# newbie going to the track



## xs3x (Feb 28, 2002)

Hey guys,
I have a 2002 330Ci with bb-triflo exhaust and h&r cup kit in my car now. Any advice to give me on the setup of the car? 
ie brake fluids, tire pressure..etc

My UUC Sways should be here also anytime now..What are you guys' preferred setting?

and any general advice?

thanks,
J


----------



## Andre Yew (Jan 3, 2002)

Your brake fluids should be fine since it's a new car less than a year old, and it's your first track school. Set your tire pressures to something reasonable, and keep them that way, especially since you're going to the track for the first time. On my stock staggered tire sizes, I use 36 PSI all around cold. If you have adjustable suspension bits, set them to something reasonable, and leave them that way for the entire weekend. The biggest variable will be your driving ability, and without having to chase around suspension settings and tire pressures, you'll have plenty to think about already.

Get a good night's sleep.

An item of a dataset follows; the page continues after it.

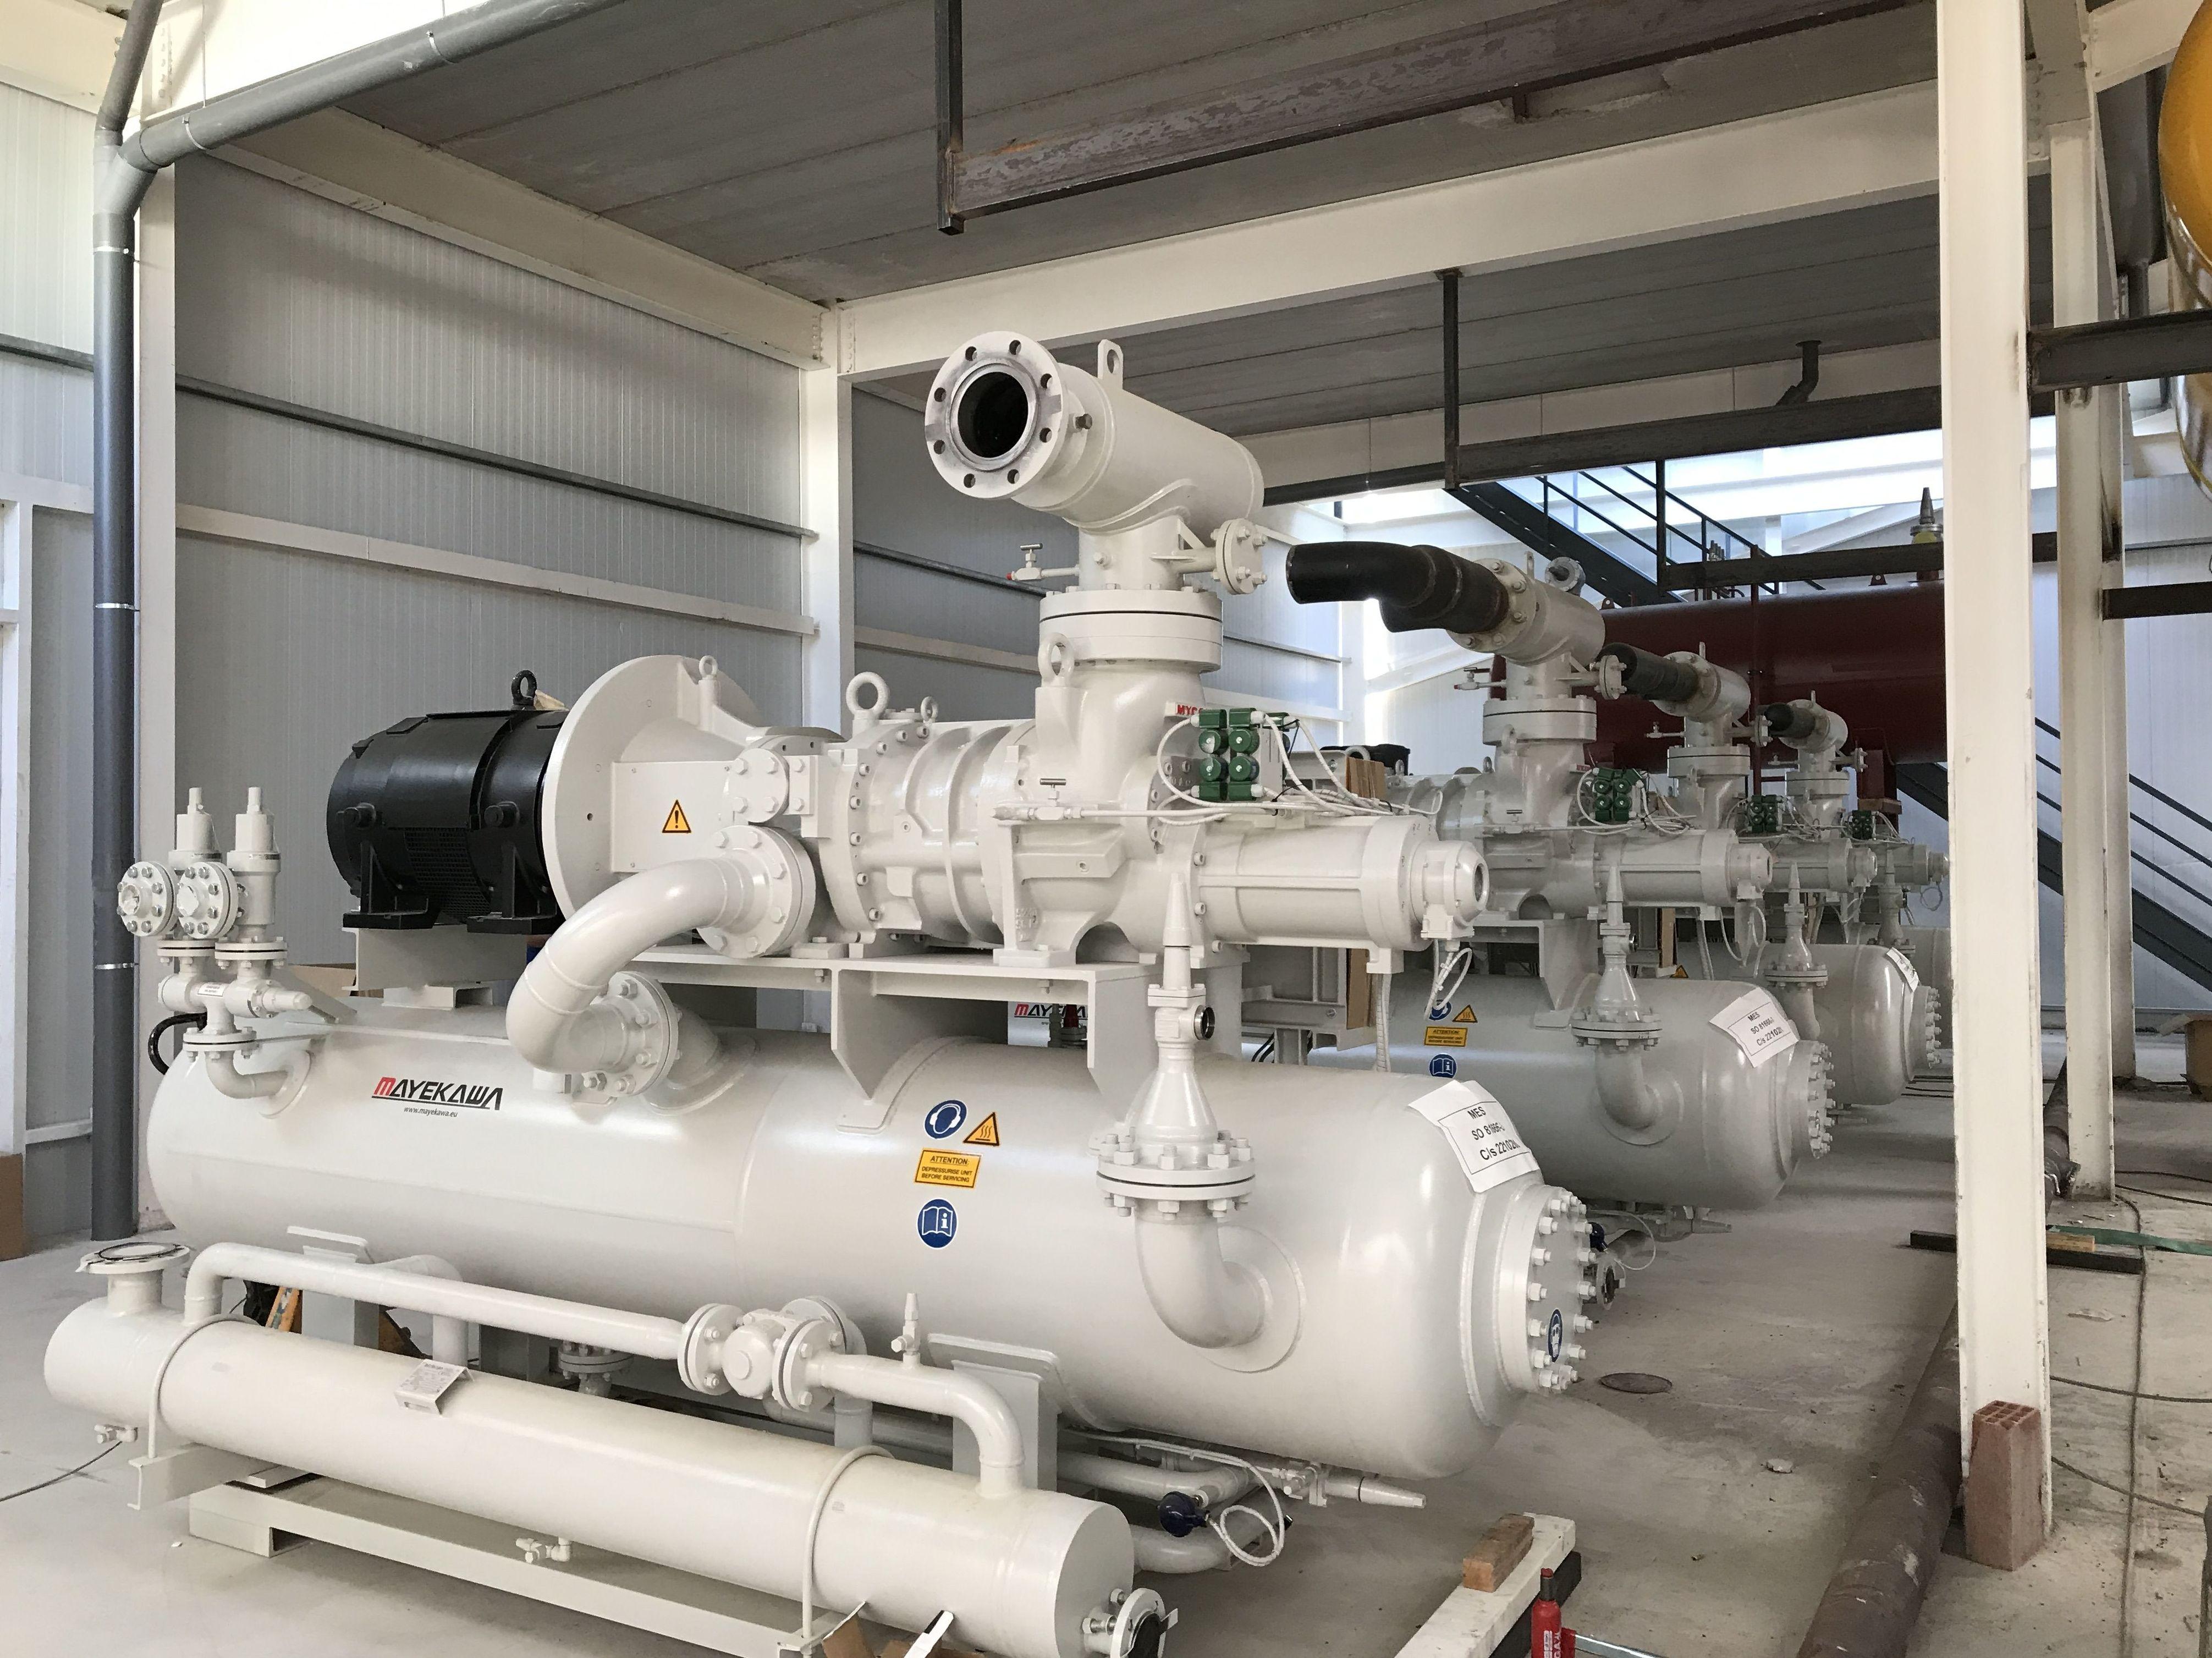 Foto 25 de Especialistas en refrigeración industrial en Alcantarilla | MH Refrigeración

Drink plenty of water. Visualize the track immediately after you come off the track --- drive it in your head. Don't set your parking brake when parked (use 1st gear to hold your car still). Get rides with instructors. Look out far ahead, and relax.

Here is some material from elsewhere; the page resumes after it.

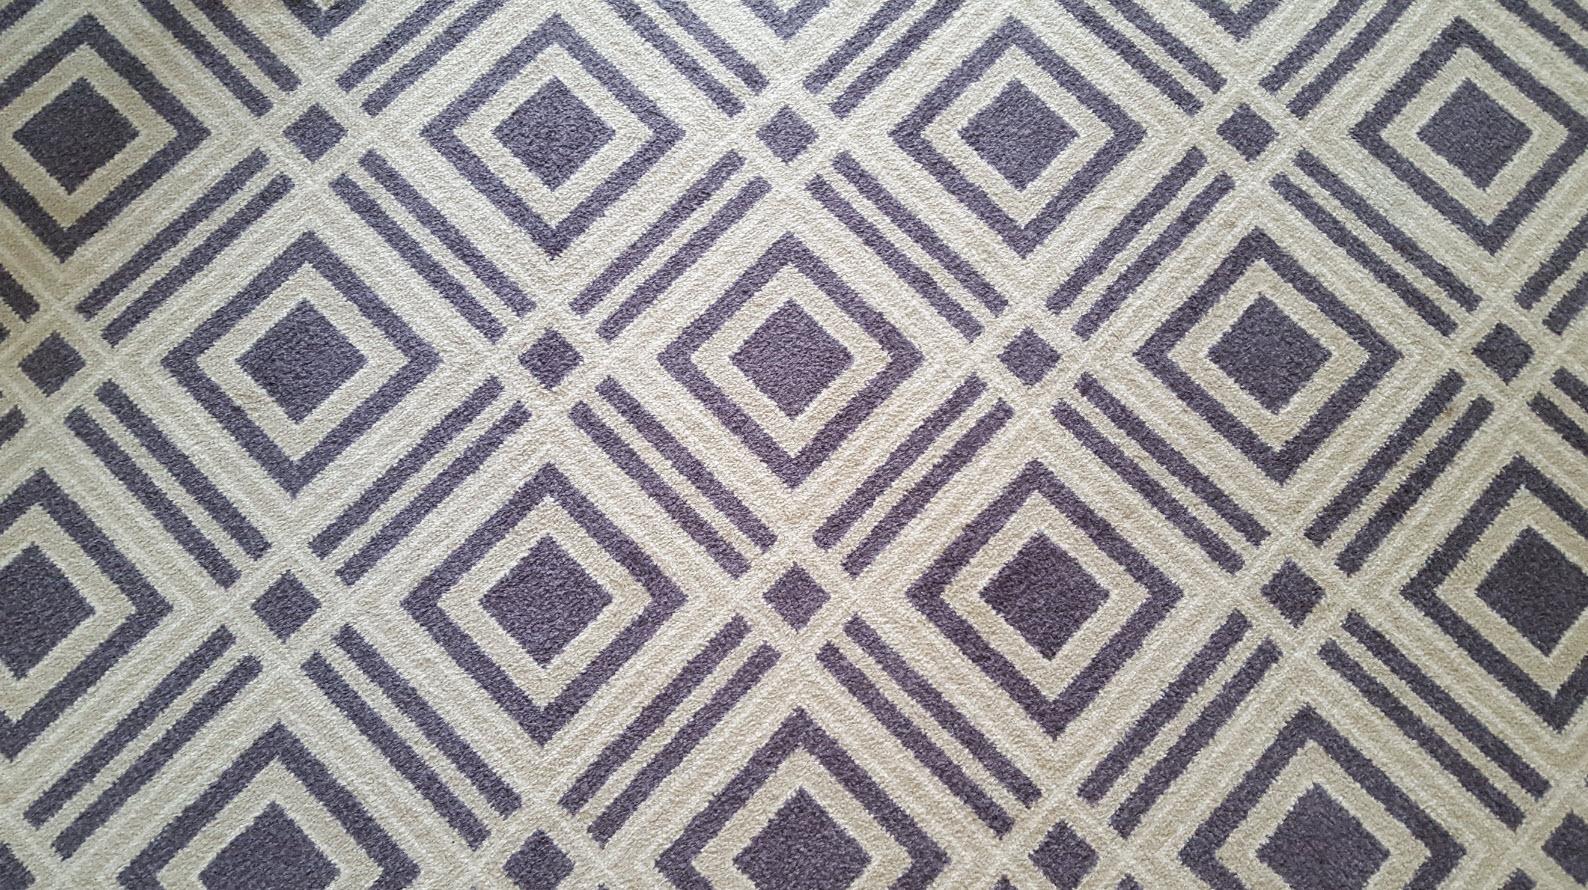 Moquette aux motifs geometriques

Are you going to Buttonwillow next week?

--Andre


----------



## xs3x (Feb 28, 2002)

Andre Yew said:


> *Your brake fluids should be fine since it's a new car less than a year old, and it's your first track school. Set your tire pressures to something reasonable, and keep them that way, especially since you're going to the track for the first time. On my stock staggered tire sizes, I use 36 PSI all around cold. If you have adjustable suspension bits, set them to something reasonable, and leave them that way for the entire weekend. The biggest variable will be your driving ability, and without having to chase around suspension settings and tire pressures, you'll have plenty to think about already.
> 
> Get a good night's sleep. Drink plenty of water. Visualize the track immediately after you come off the track --- drive it in your head. Don't set your parking brake when parked (use 1st gear to hold your car still). Get rides with instructors. Look out far ahead, and relax.
> 
> ...


thanks for your "reasonable" advices 
no..i'm going on this one
http://www.speedtrialusa.com/buttonwillow.html


----------



## Andre Yew (Jan 3, 2002)

Sounds like a lot of fun. Buttonwillow is a really interesting and technical track. You'll definitely get to see what you and your car can do there.

--Andre


----------